Would the prejudices in the Khirki lanes be so pronounced,
authorities so casual, had the accused been from the other side of
the Mediterranean? It is difficult to imagine the RWAs subjecting
European visitors to such obloquy, though they have their own
challenges to deal with.
Ola
Jason, an erstwhile resident of Khirki who moved out to Chhatarpur
some time after the incident, says, 'When you have pain, you have a
story.' It is to trace this story that I traversed the streets of
Khirki, to learn about the lives and aspirations of the African
dwellers there beyond their status as victims. When I had moved to
Malviya Nagar, the first piece of information I had received about
Khirki was, 'You can get places at low rents there. But because the
buildings stand so close together facing each other, not enough light
comes through.' My visit to the place happened once or twice only to
go to some Internet cafe for a print-out or to go to the ATM. I
remember feeling, on these couple of occasions, more conscious of what I
was wearing as the narrow lanes made you feel that not just the
buildings but also the people were standing too close to you. Then a
few months back I signed up for a dance workshop in Gati studio
there, a privileged space, a protected corner in Delhi where you
could feel completely free learning about how much exalting movement
and expression your body is capable of, instead of just being
something you're always trying to protect.
Gati Studio/Photograph courtesy: Soumik Mukherjee
As I stepped out of the
studio each day after my class, my perception also changed. Far from
being intrusive, the alleys seemed to contain an open community
space, a common courtyard where people weren't just locked up inside
their homes but were out there, interacting with each other,
bargaining, selling, living the ease-and not the paranoia-of being
the part of a crowd. The lanes came alive with the chatter, robust
humour, bustle . . . the sheer assertion of being there. Those days
I would take my own time getting back home, leisurely walking to take
in the surroundings, buying vegetables, getting a recharge for my
phone.
Now,
when I notice the remarkable number of CCTV cameras perched over the
streets like birds of prey waiting for their death feast in silent
alertness, asking everyone to remember they are under the gaze, I
wonder if, like me, for other residents of Khirki too their own
mental state determines what they find in their surroundings. Are the
lenses a source of reassurance or an infringement for them? Do they
feel more secure or violated? Do the machines instil confidence or
lend insecurities to their daily milieu? I try to think about what
may have happened for them to project their fear upon what has
otherwise been a safe space. What was their reason for having
unleashed this vigilantism upon their African neighbours?

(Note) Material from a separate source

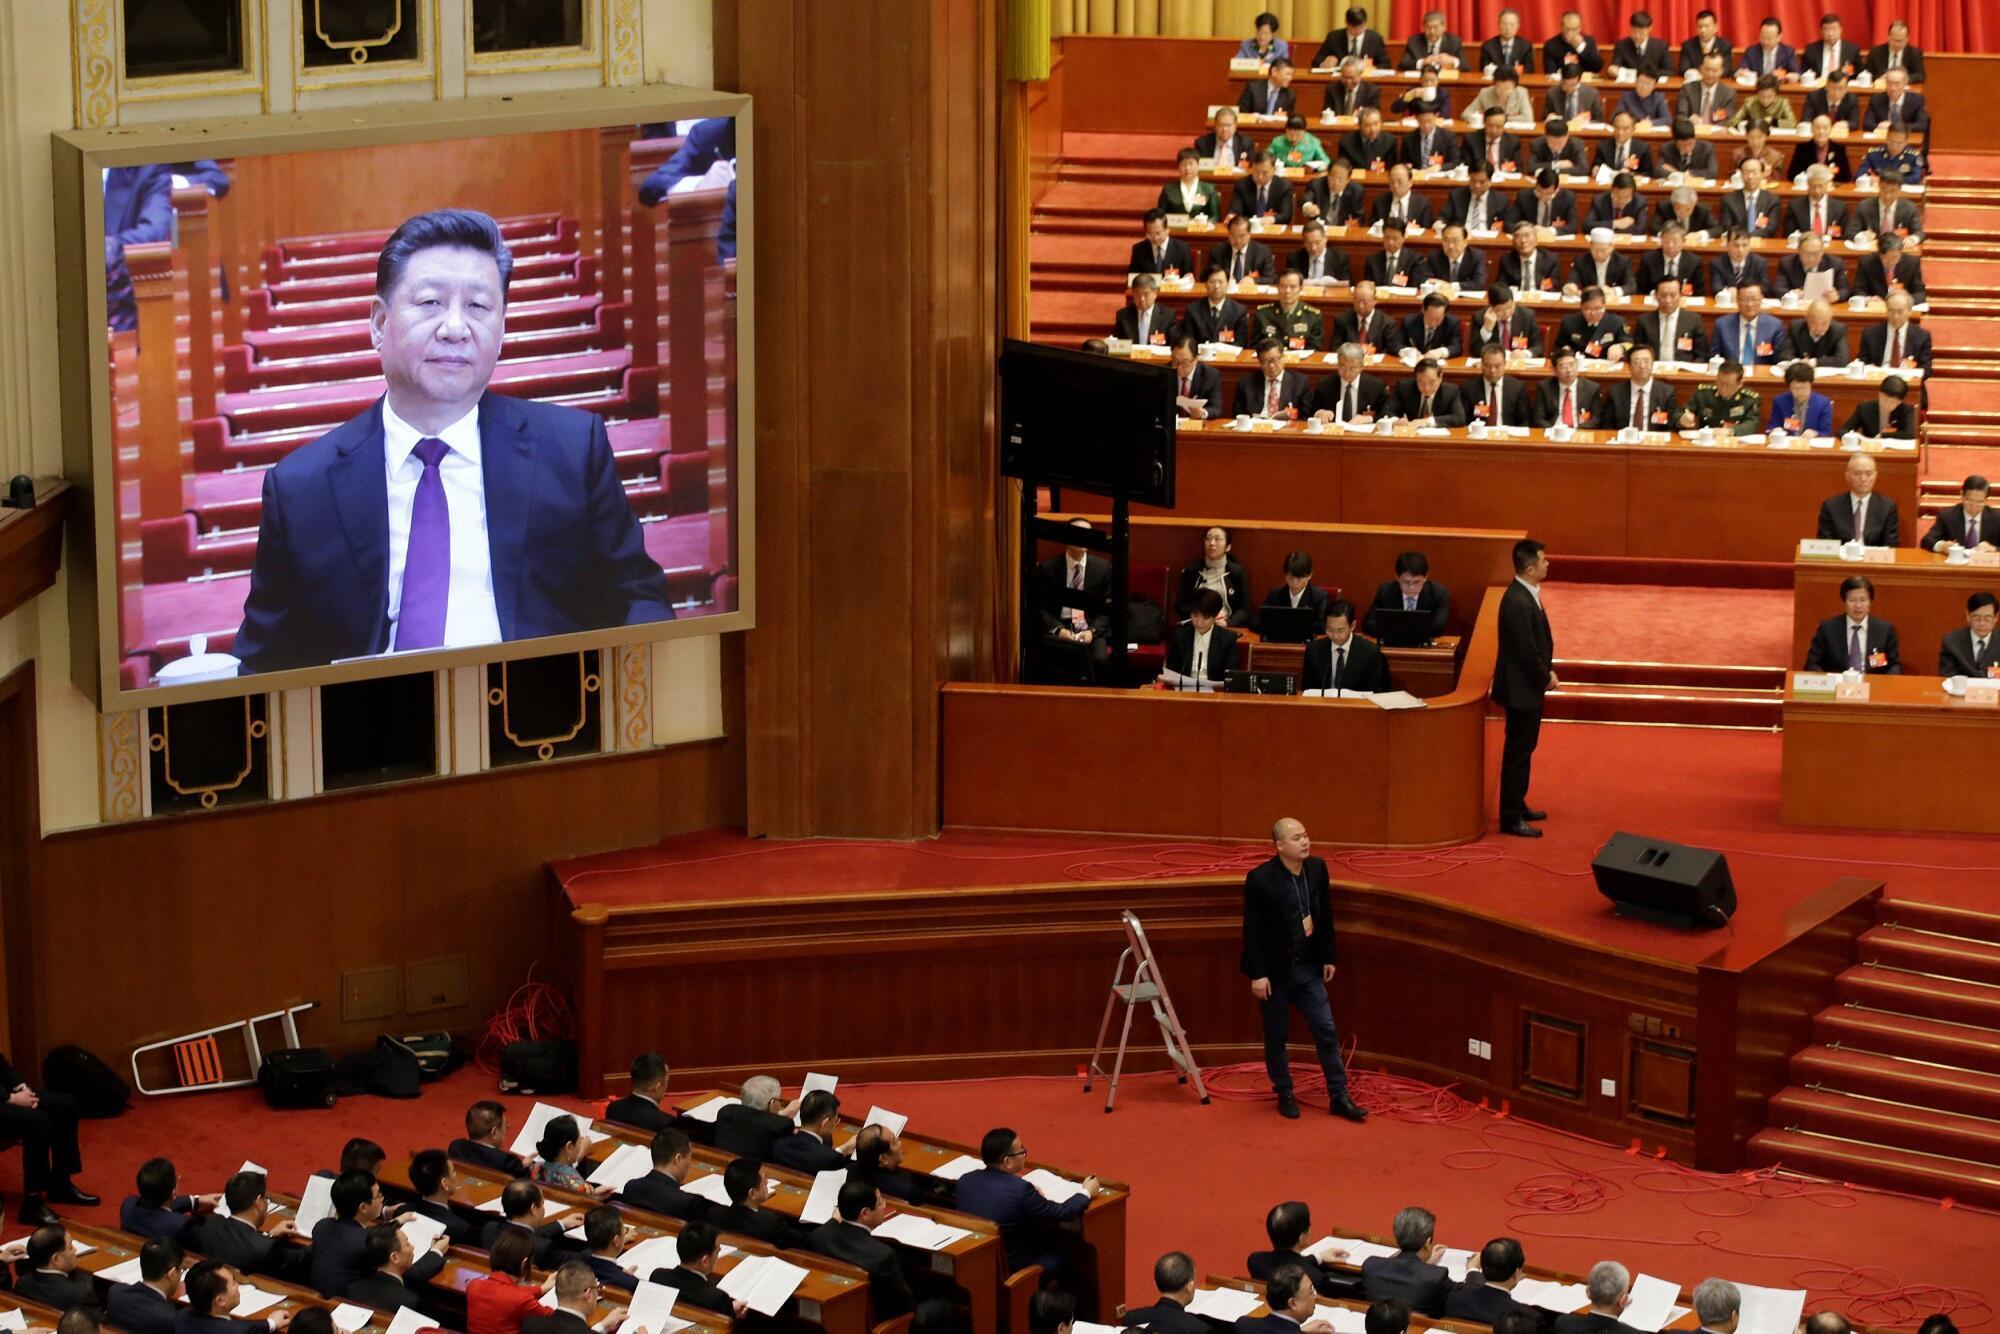 Chủ tịch Trung Quốc Tập Cận Bình phát biểu tại Hội nghị hiệp thương chính trị nhân dân Trung Quốc, Bắc Kinh, ngày 03/03/2019

A CCTV camera notice in Khirki
Khirki's
own landscape defies definitions. A road going uphill will suddenly
plunge into a godown of watermelons. You enter one end not knowing
what you will find at the other. The lanes which house Khoj, an
artists' association, and the NGO Swechha, along with Gati, best
illustrate the tone and temperament of the place. Looking around the
labyrinth of lanes you can quickly make out why members of other
nationalities feel more at ease there. The street is abuzz with
people, shops and vendors so that the walking area is reduced to a
narrow strip. One 'apartment gate' could lead to basement parking,
another could be an opening to an entirely distinct lane of houses,
and yet another could be the entry to a salon with 'Namaste' graffiti
stamps on one wall and bold, colourful, 'India Beyond' on the other.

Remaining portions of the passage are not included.